Google has the resources, capability and will to vigorously defend itself where others may have not.
[1] https://w2.eff.org/IP/P2P/MPAA_v_ThePeople/ [2] https://s3.amazonaws.com/s3.documentcloud.org/documents/2179... [3] http://www.theverge.com/2014/12/12/7382287/project-goliath
Not to mention Google is by now a pretty deft political player.
* Apple's marketing chief, Phil Schiller, said that "One of Apple's employees works closely with Hollywood on so-called product placement so its gadgets are used in movies and television shows.
Plenty of video services like netflix, amazon prime are producing their own quality tv shows that exceed most of the crap movies we get. Everything is CG or some dumb plotline about sex. I'm sure films & tv shows will turn out from tech giants. I think if Google jumped in and began paying celebrities to star in their movies it could do well. I've always thought Hollywood to be a propaganda machine.
Elstree.
From the wiki: >Filmed in a Belfast studio and on location elsewhere in Northern Ireland, Croatia, Iceland, Morocco, Spain, Malta, Scotland, and the United States,
So it does not come from Hollywood. HBO is owned by Time Werner, but operate independently. So neither the physical production place nor the company that made it screams hollywood.
As for the Netflix only stuff, it is owned by Netflix.
"Films on demand" - some aspects of this are near-future plausible given existing script, mocap and voice acting. Simple programmatic cinematography is just about possible, and AI editing is getting better. 5 years away, maybe, for sitcom / soap-opera equivalent lighting and cinematography. A LOT longer before you're replacing Roger Deakins, though.
"Photo-realistic" - photorealistic CGI films have been just around the corner for 15 years now and continue to be so. Proof-of-concept 15 second renders are doable, feature-length films with non-humans are doable (albeit with a LOT of human intervention), but 90 minutes of CGI humans is a lot harder.

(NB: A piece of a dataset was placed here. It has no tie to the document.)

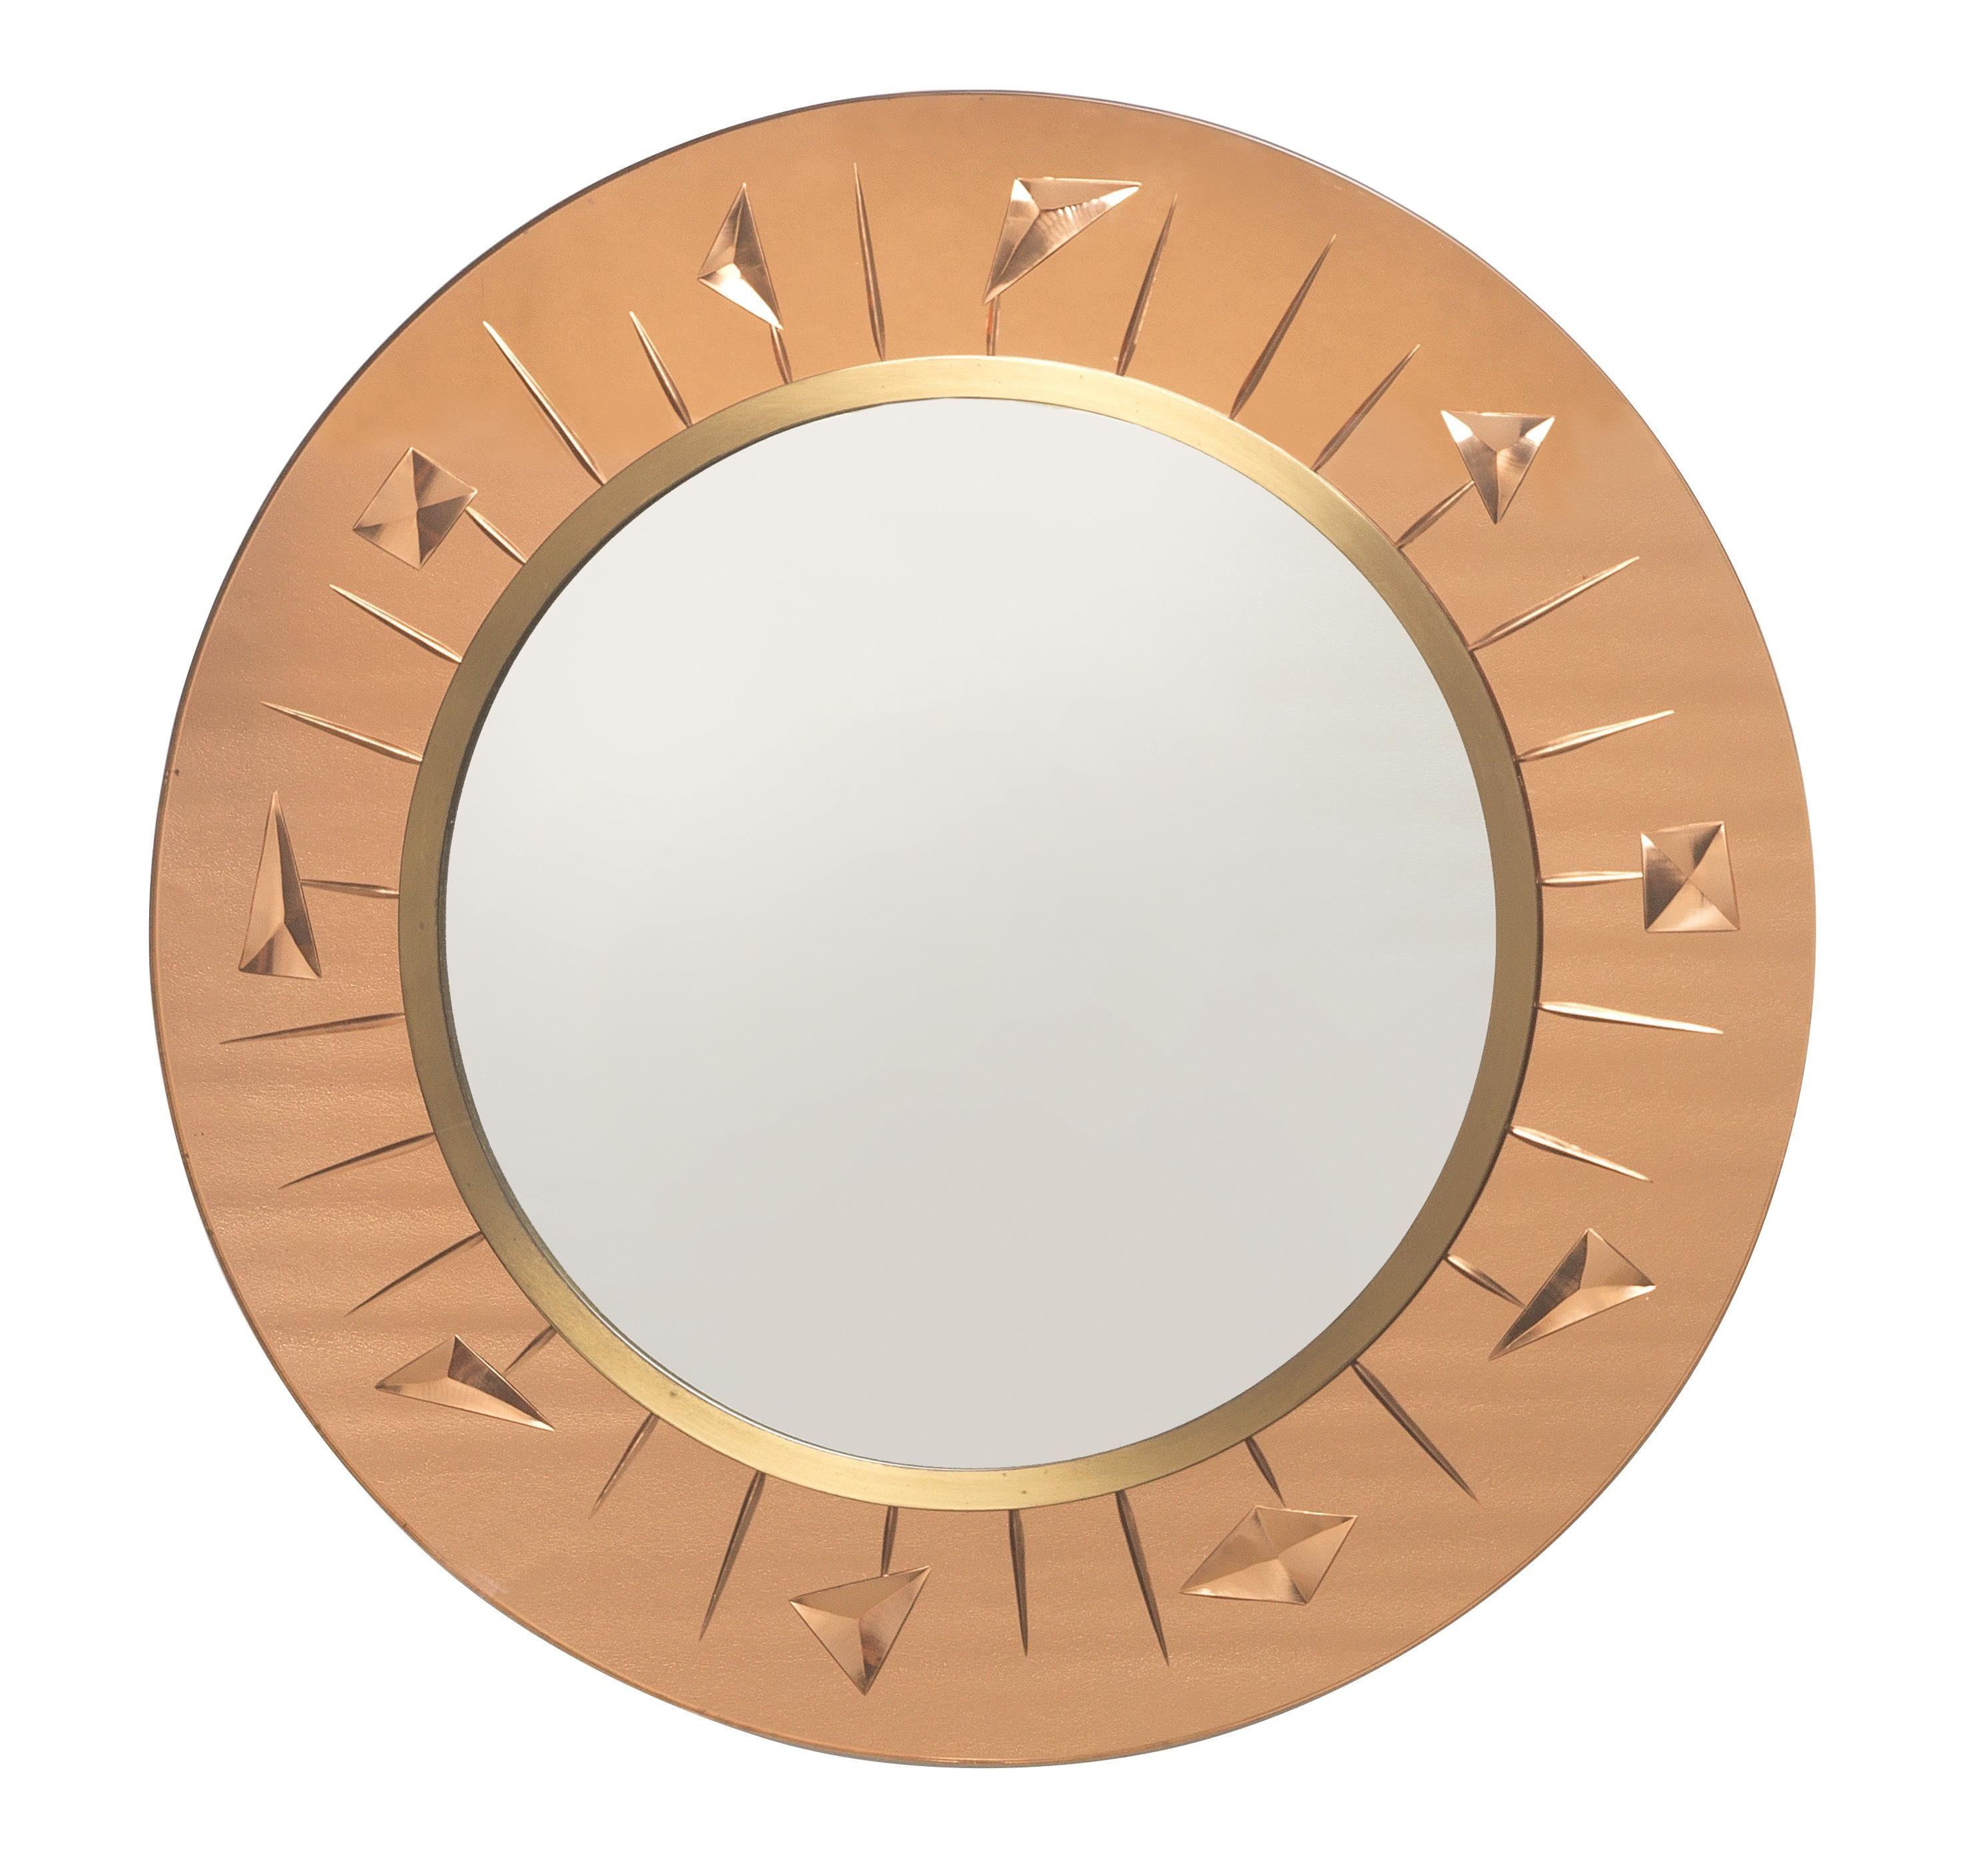 A Round Wall Mirror Cristal Art Round Wall Mirror Mirror Wall Mirror

"Characters" - moulding their appearance is almost doable now. Motion is a lot harder - we've got semi-programmatic facial animation but it's a bit rubbish. Programmatic body animation is getting there. Programmatic voice acting is a Really Hard Problem and I'm not aware of anyone making any significant moves forward in that area.

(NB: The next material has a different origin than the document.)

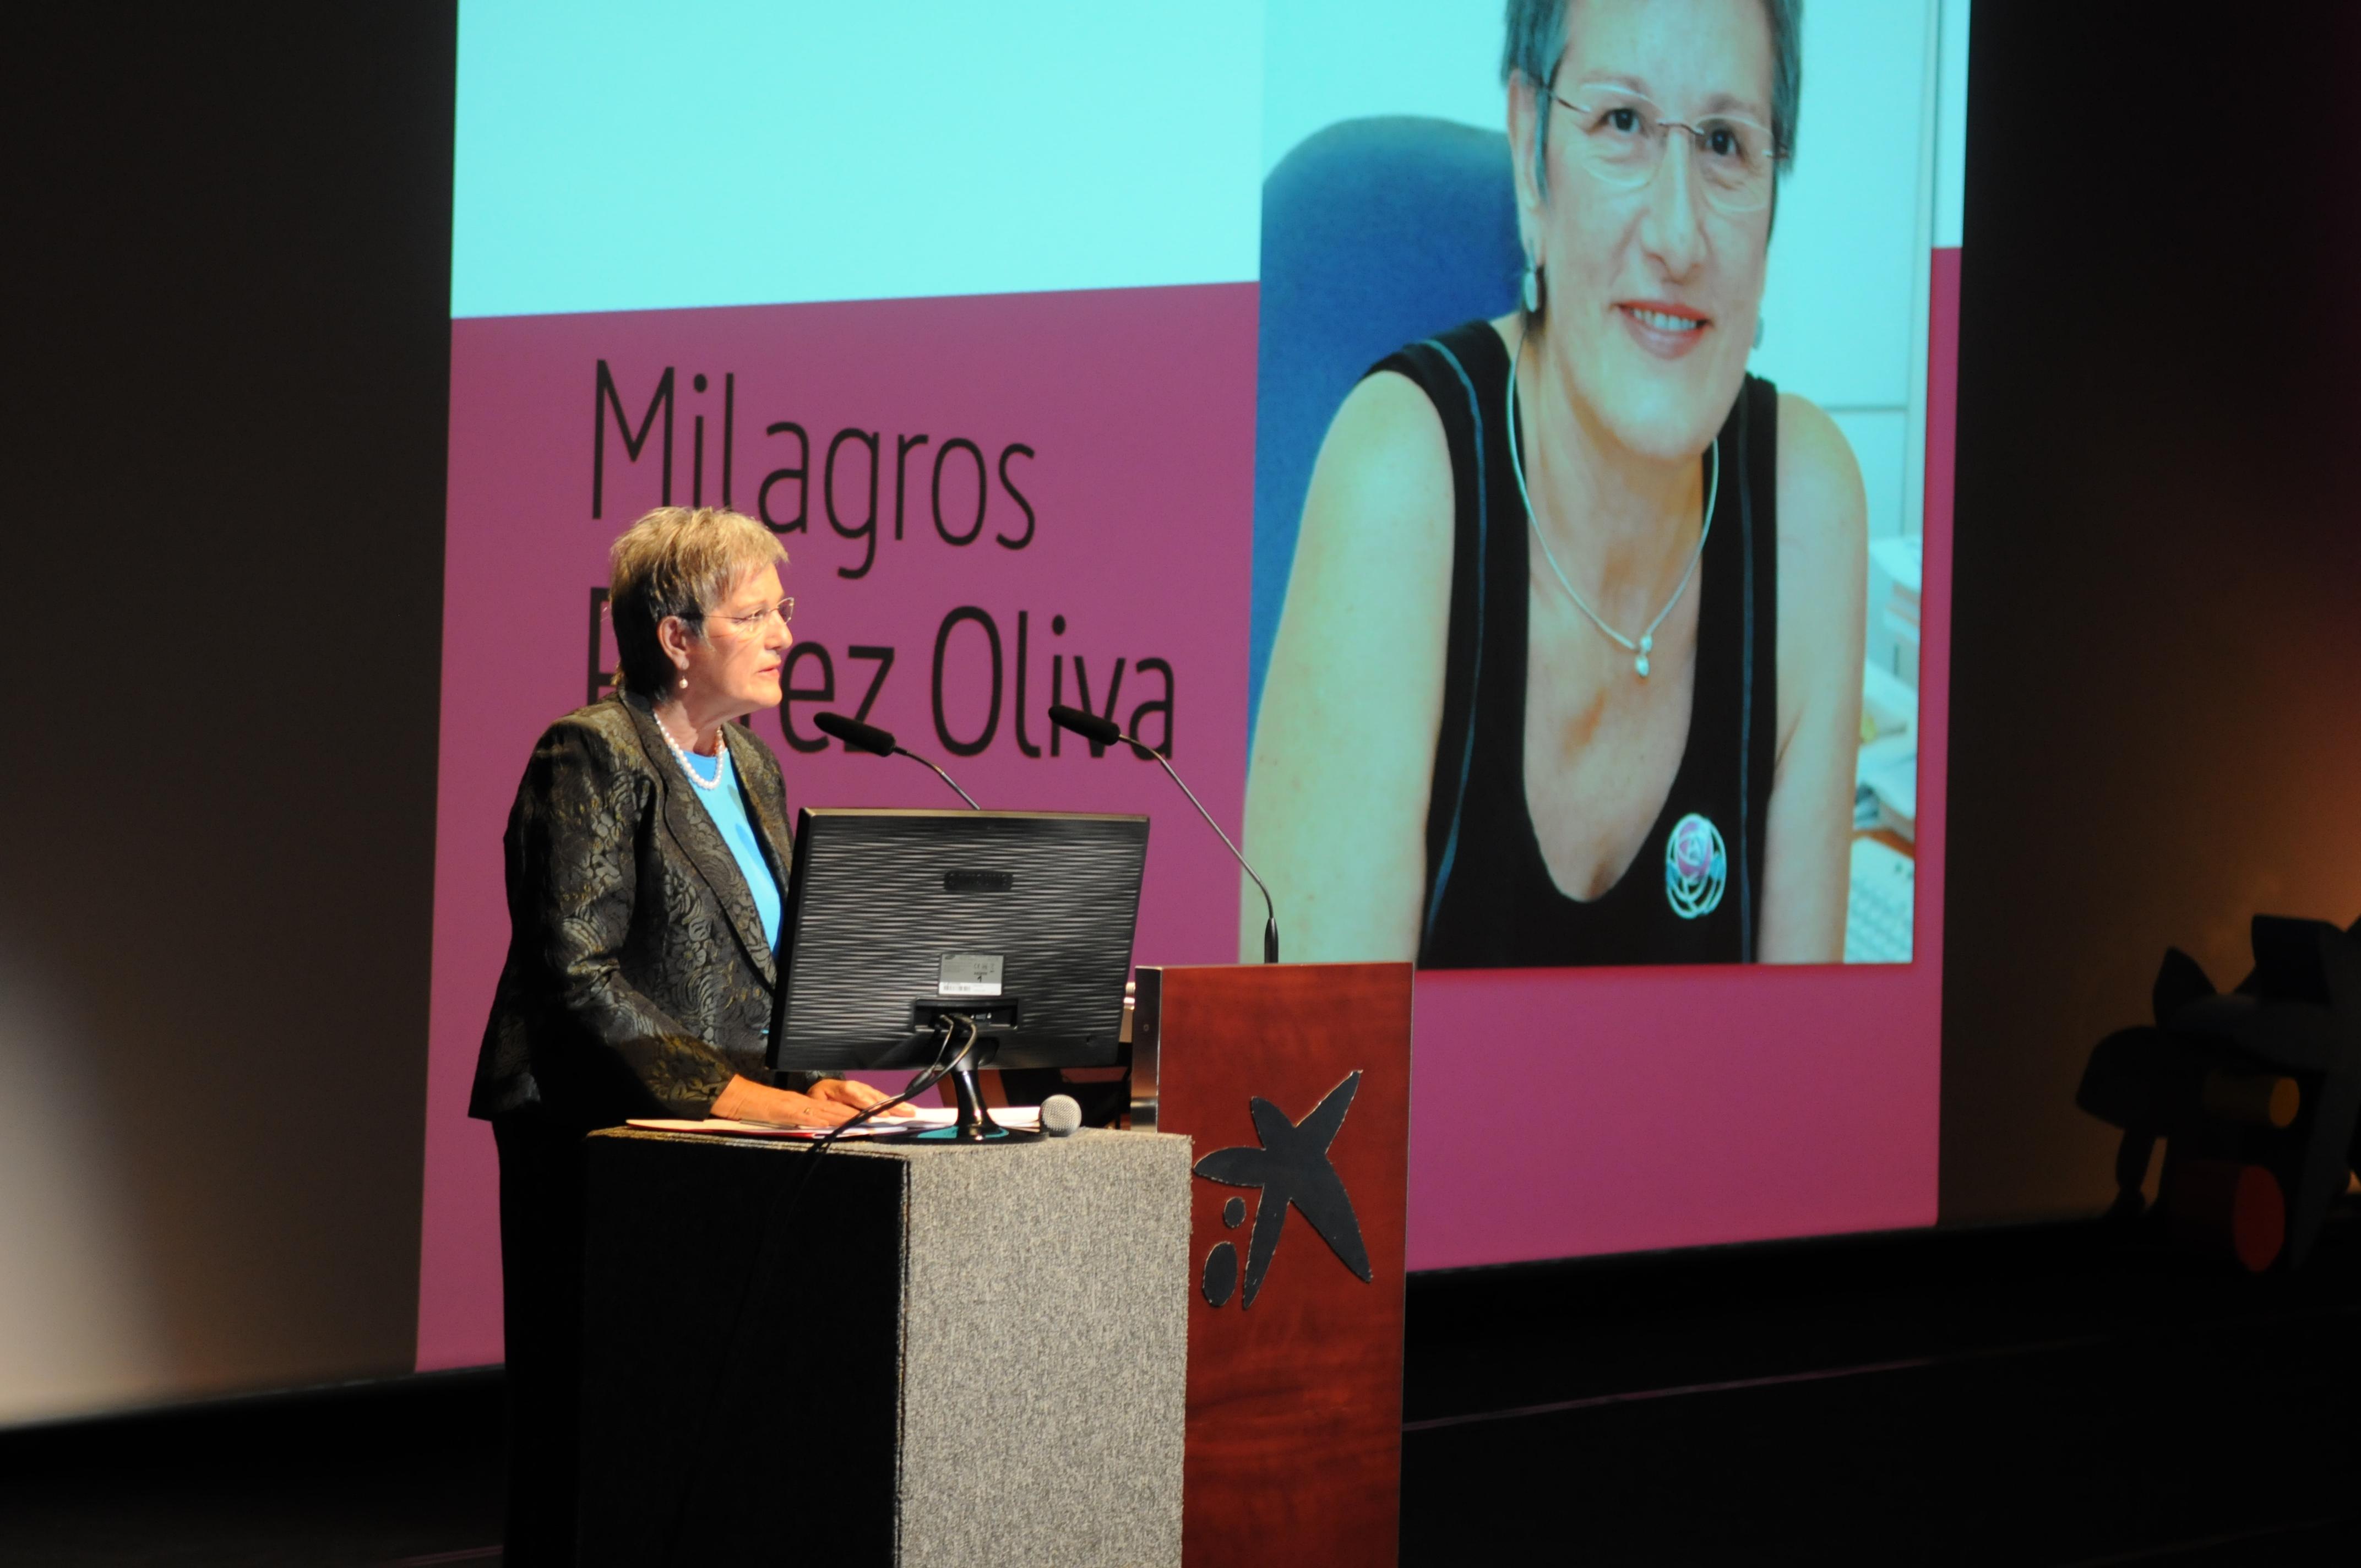 Milagros Perez Oliva Premi - Report.cat

"Unique scripts" - no-one has demonstrated anything close to an AI scriptwriter at this point. It may well be that's a problem which requires strong AI to solve.
We might be looking at Hollywood being replaced completely at some point, but I doubt it'll happen in the next 20 years.
However, what IS a huge threat to Hollywood is the increased power of indie filmmakers with technological assists. I write about that sort of thing over on my blog at http://www.strangecompany.org/blog/
One filmmaker today can do things that would have required a crew of 20 back in 1993. The cost of filmmaking is plummeting. And that certainly is a threat to Hollywood.
You're vastly underestimating the work that goes into an authentic hollywood movie.
Also, vastly overestimating the quality of video game 3d engines, the performance requirements, the potential plot quality resulting from player-driven storylines, and so on.
Games are struggling to match the offline renderings of 14 years ago. https://www.youtube.com/watch?v=xaI7ZPA9I1c - in particular pay attention to the lightning and textures, less so the animations. Especially those off in the distance, something that games continue to struggle with in a big way.
Photo-realistic video games are very, very far off. Significantly the costs required to achieve high-end graphics these days are astronomical.
Lucasfilm is already experimenting with using video game engines for their film making.
https://www.youtube.com/watch?v=CdsFEMDceNg
Would Star Wars fan want Oculus Rift + Haptic Bodysuit + Star Wars world with full ray casting and realistic models?